We have recently found that cannabinoid receptor activation in the BLA using the CB1/2 receptor agonist WIN can prevent the stress-induced enhancement of inhibitory avoidance conditioning as well as the stress-induced disruption of extinction [24]. Intra-BLA WIN was also found to prevent trauma induced alterations in avoidance and acoustic startle response in a rat model of PTSD [37]. Hence, we aimed to examine here whether WIN microinjected into the BLA would block the effects of stress on performance in the object location task.

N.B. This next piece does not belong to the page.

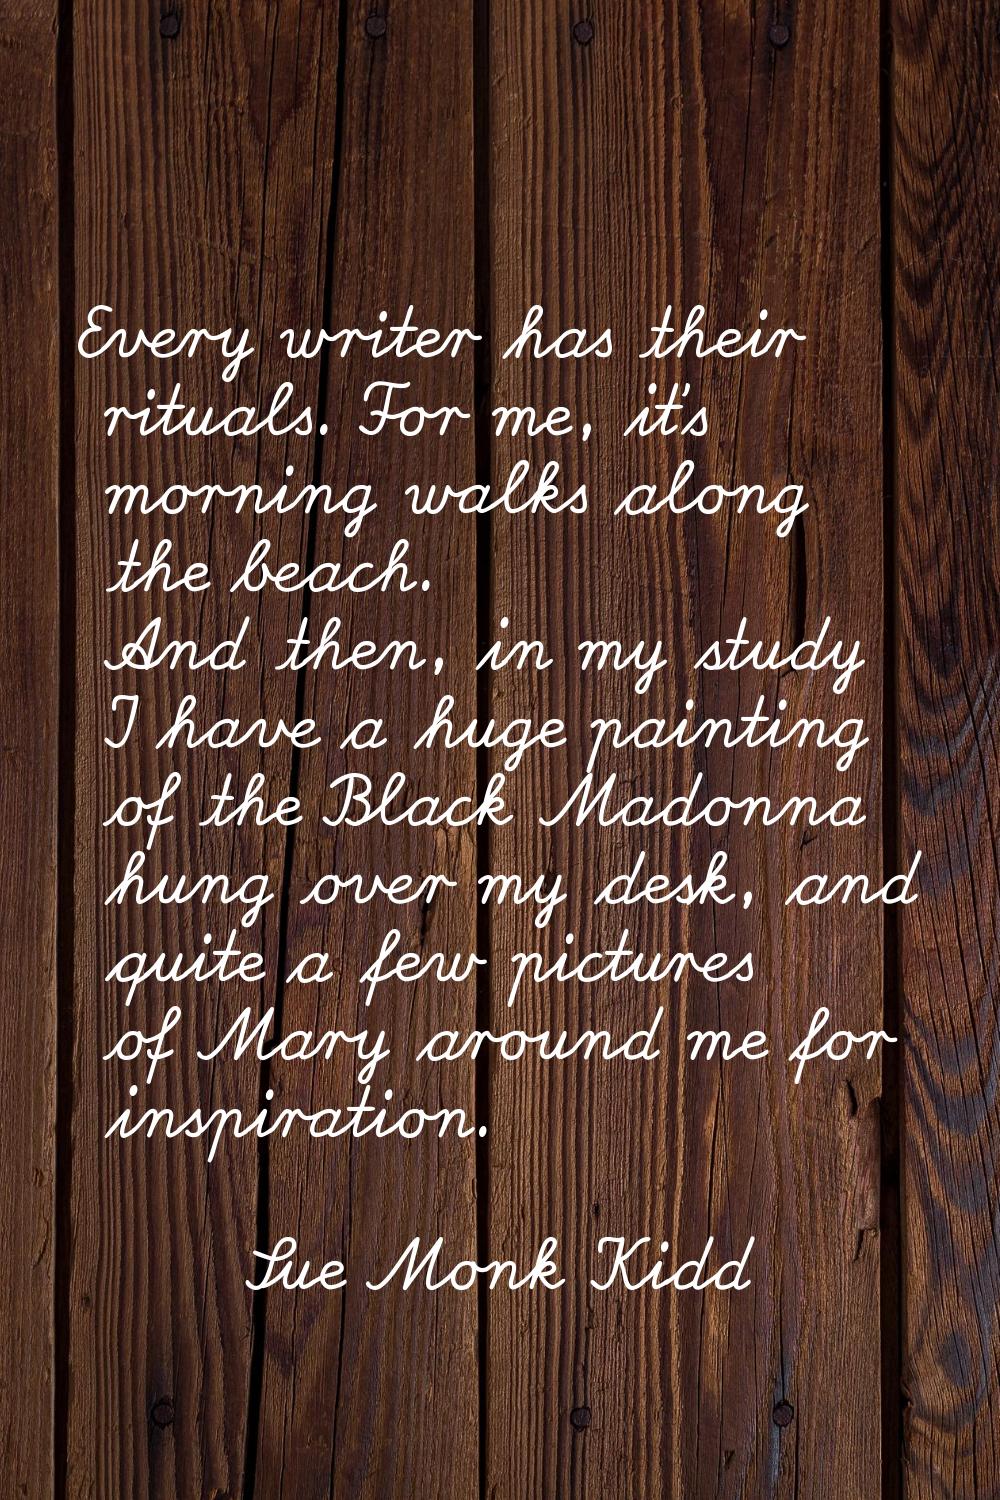 Every writer has their rituals. For me, it's morning walks along the beach. And then, in my study I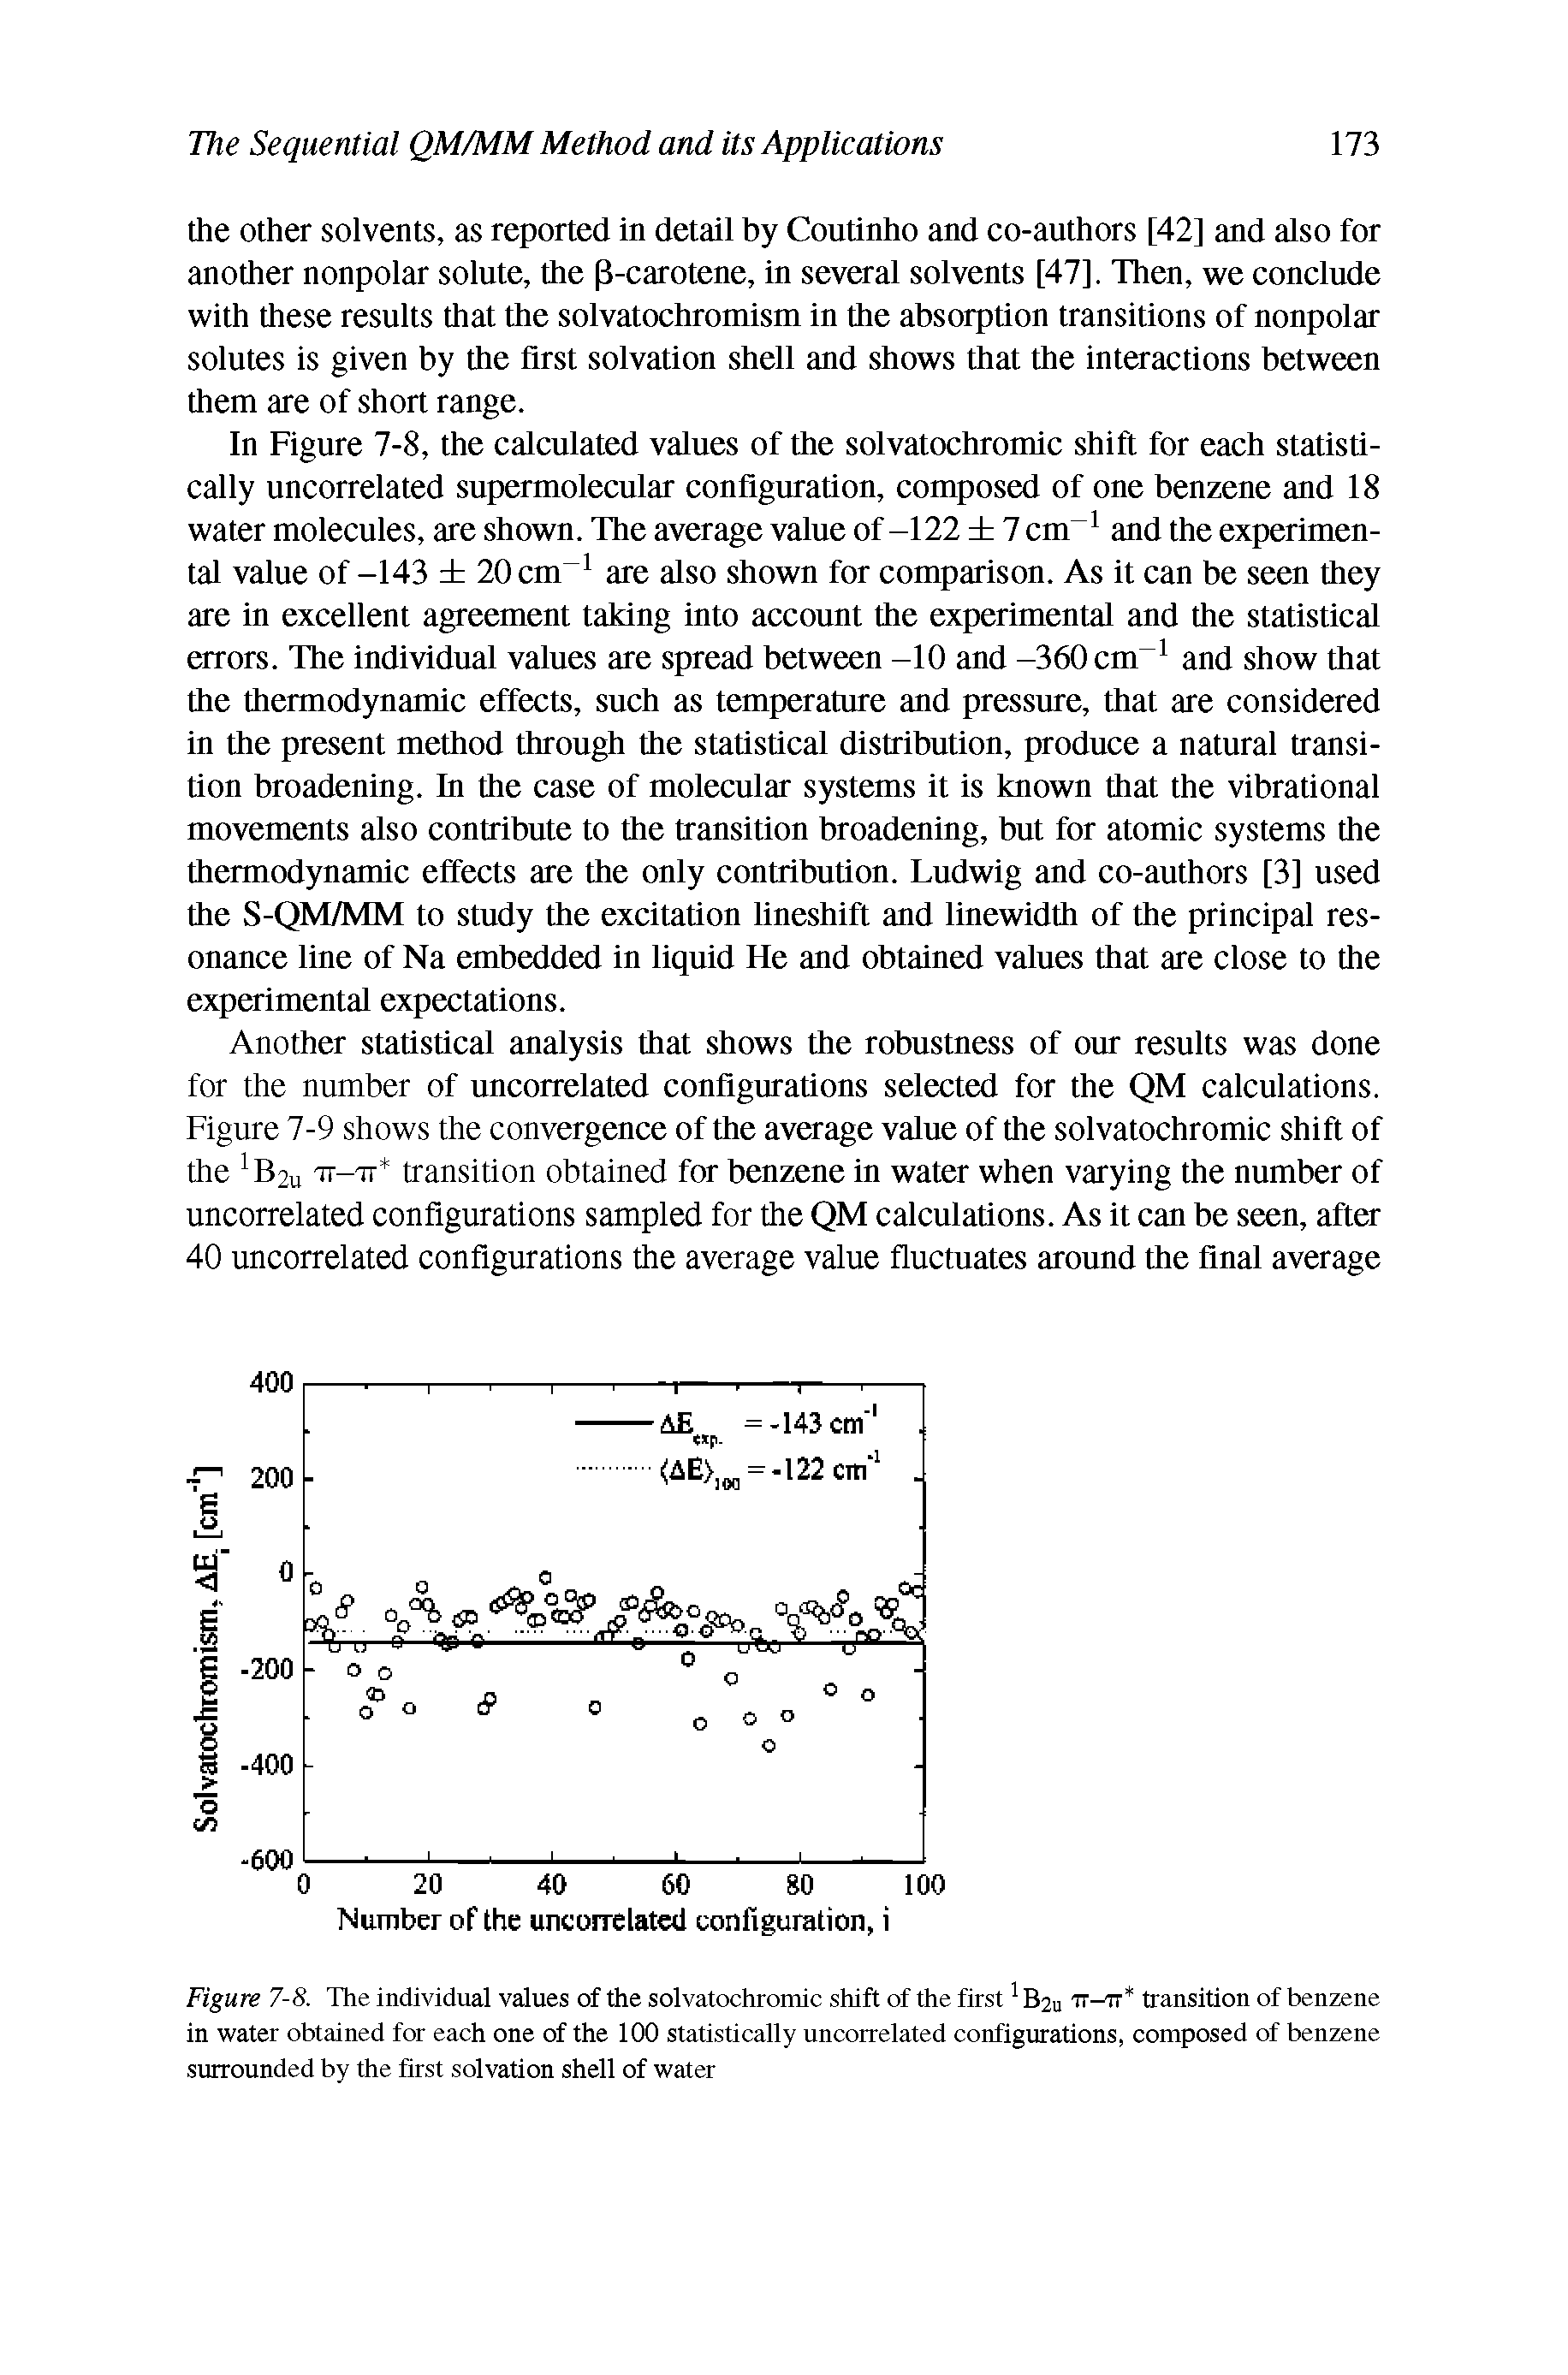 Figure 7-8. The individual values of the solvatochromic shift of the first1B2U 17-77 transition of benzene in water obtained for each one of the 100 statistically uncorrelated configurations, composed of benzene surrounded by the first solvation shell of water...

Immediately after the sample phase, rats were microinjected with vehicle into the BLA and taken to their home cage (Vehicle, n = 8); microinjected with vehicle and subjected to the EP stress (EP, n = 8); microinjected with WIN and subjected to the EP (WIN+EP, n = 8); or microinjected with WIN (WIN, n = 8; Fig. 6a). ANOVA revealed a significant difference between the groups in discrimination index on day 2 (F_(3,28) = 3.017, P = 0.046). Post hoc comparisons revealed that the Vehicle group spent significantly more time exploring the new location compared with the EP (P = 0.007) and WIN (P = 0.047) groups. As no significant difference was found between the vehicle and WIN+EP groups, we tested the difference between the discrimination index and the 0.5 chance level using a one-sample t-test. The vehicle group was significantly different from chance level (t₍₇₎ = 3.625; P = 0.008), but not the WIN+EP group (t₍₇₎ = 2.1, NS), suggesting that the WIN+EP group did not consolidate the task. There was no significant difference between the groups in discrimination index during the sample phase (F_(3,28)<1, NS).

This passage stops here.